Task directions - Copy out the whole listing exactly as given. Skip the pictures.

Data provided -
[Start of Attachment]

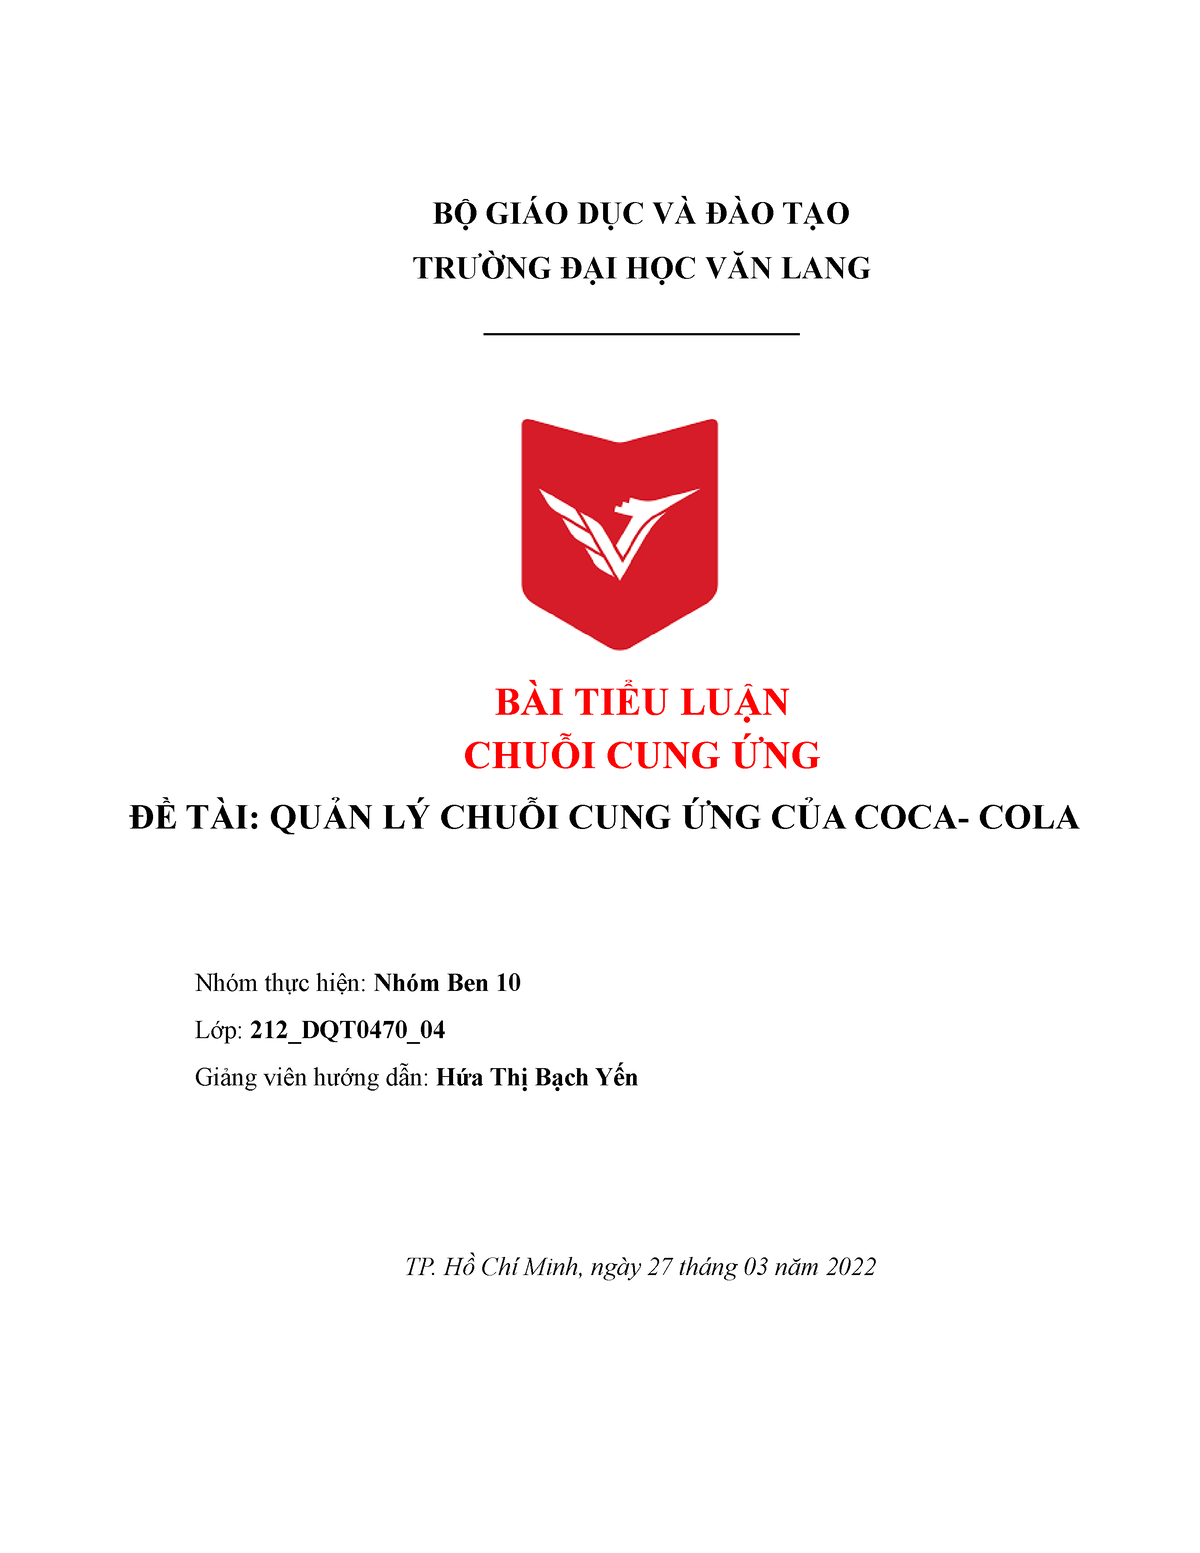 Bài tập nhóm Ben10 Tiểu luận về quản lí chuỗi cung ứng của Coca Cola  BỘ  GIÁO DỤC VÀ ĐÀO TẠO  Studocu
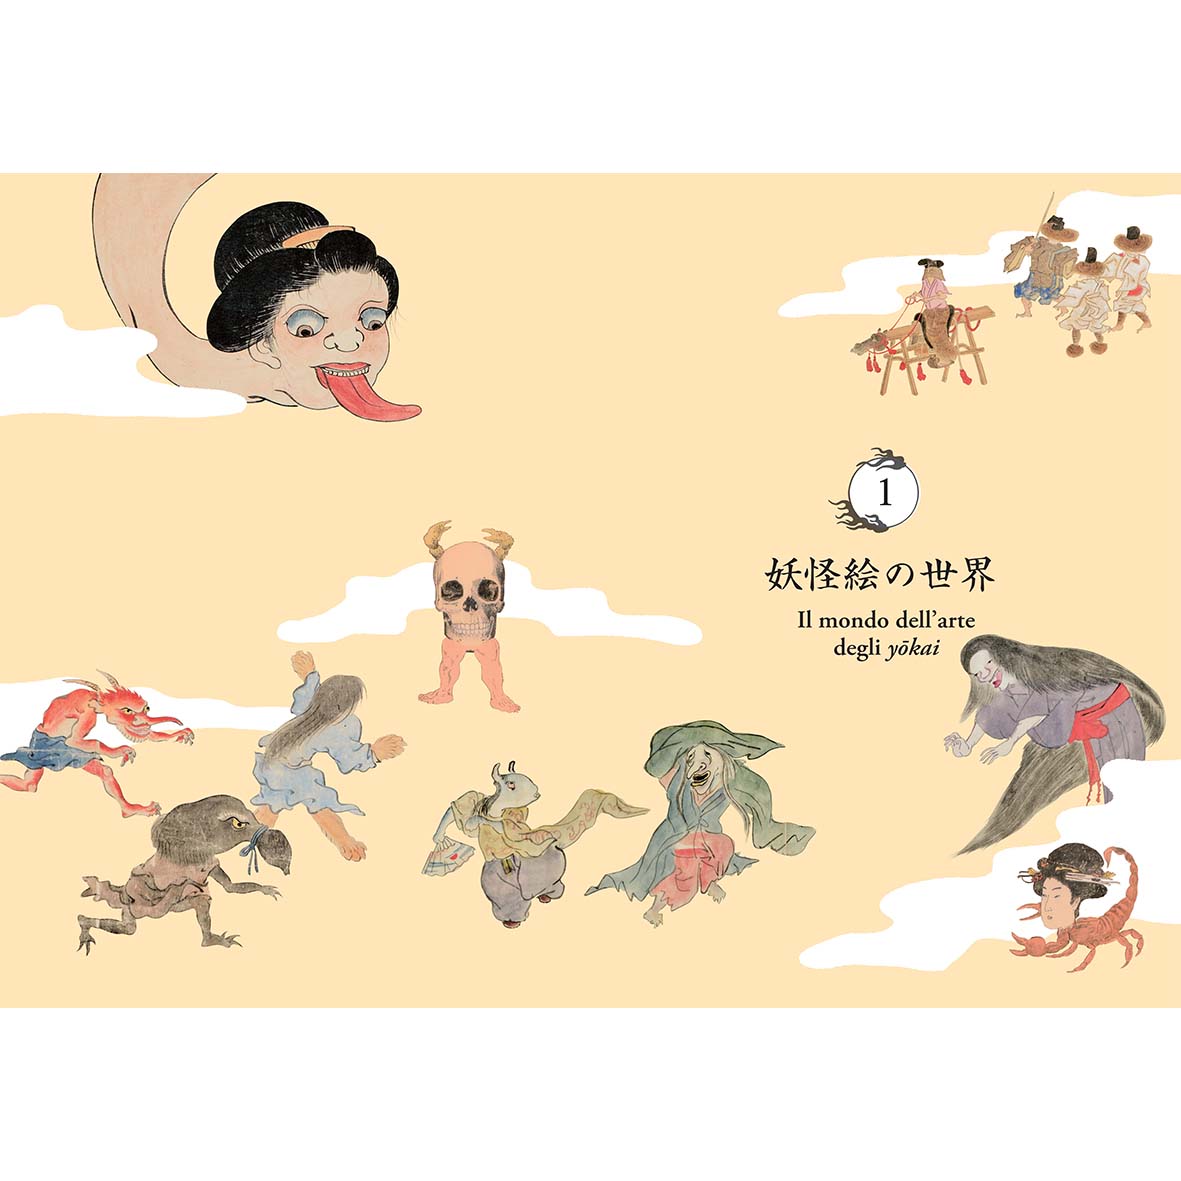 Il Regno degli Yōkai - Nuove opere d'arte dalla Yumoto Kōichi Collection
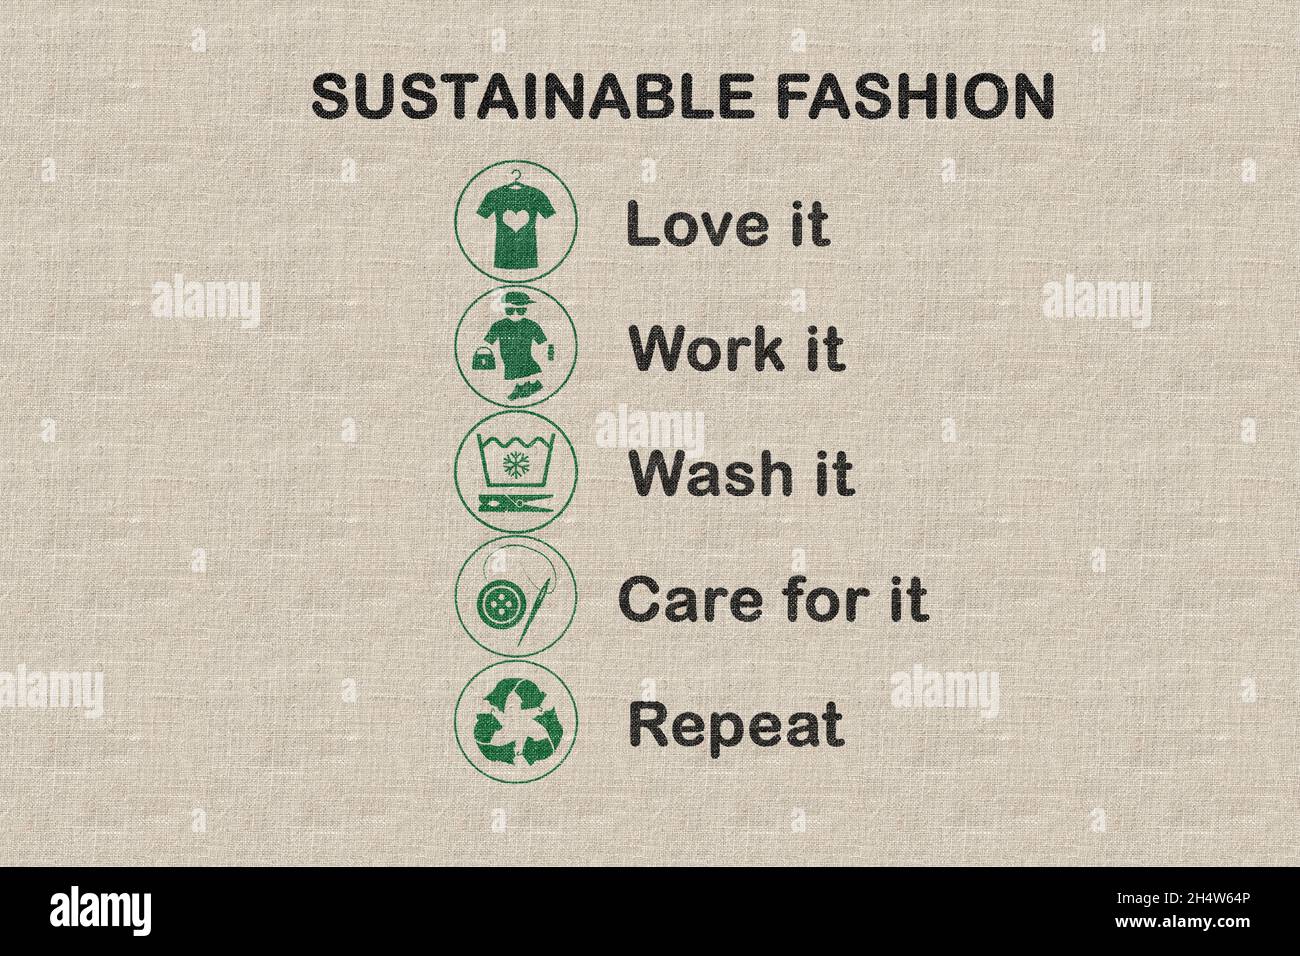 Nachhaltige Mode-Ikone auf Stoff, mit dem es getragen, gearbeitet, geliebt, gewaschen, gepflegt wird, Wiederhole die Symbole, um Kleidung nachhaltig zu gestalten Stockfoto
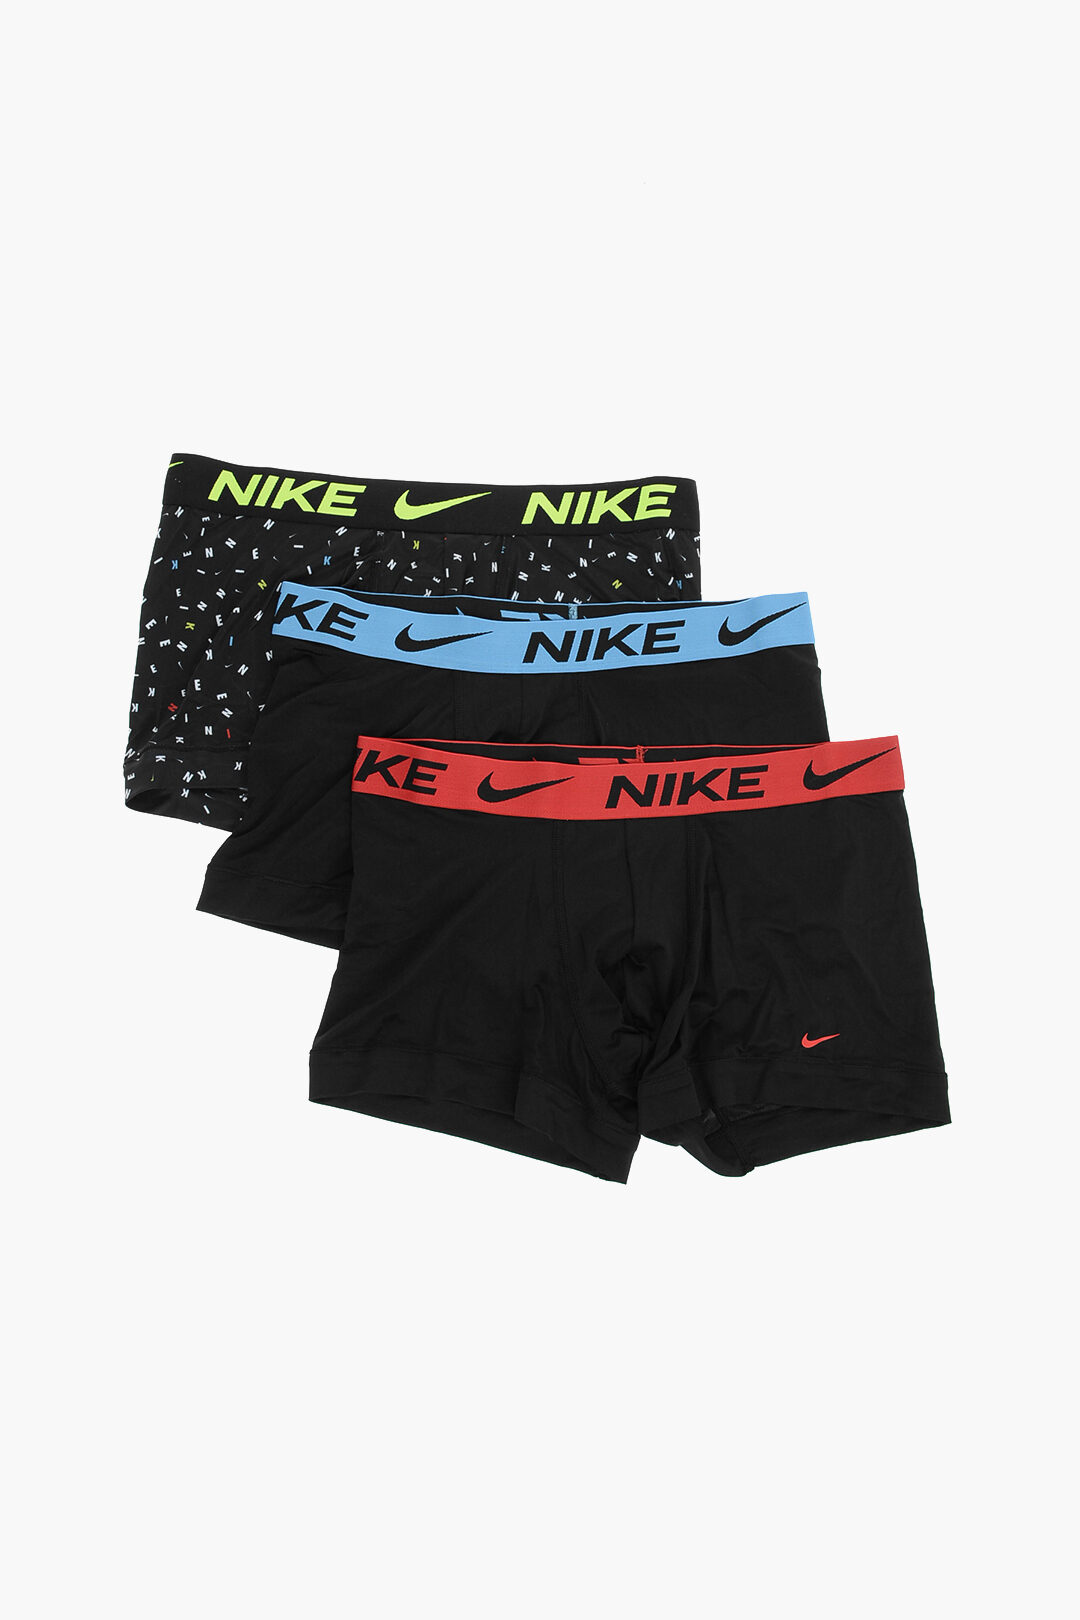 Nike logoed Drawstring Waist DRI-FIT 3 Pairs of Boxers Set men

[End of Attachment]

Task solution -
 Bài tập nhóm Ben10 Tiểu luận về quản lí chuỗi cung ứng của Coca Cola  BỘ  GIÁO DỤC VÀ ĐÀO TẠO  Studocu
 Il Regno degli Yōkai - Nuove opere d'arte dalla Yumoto Kōichi Collection
 Nachhaltige Mode-Ikone auf Stoff, mit dem es getragen, gearbeitet, geliebt, gewaschen, gepflegt wird, Wiederhole die Symbole, um Kleidung nachhaltig zu gestalten Stockfoto
 Nike logoed Drawstring Waist DRI-FIT 3 Pairs of Boxers Set men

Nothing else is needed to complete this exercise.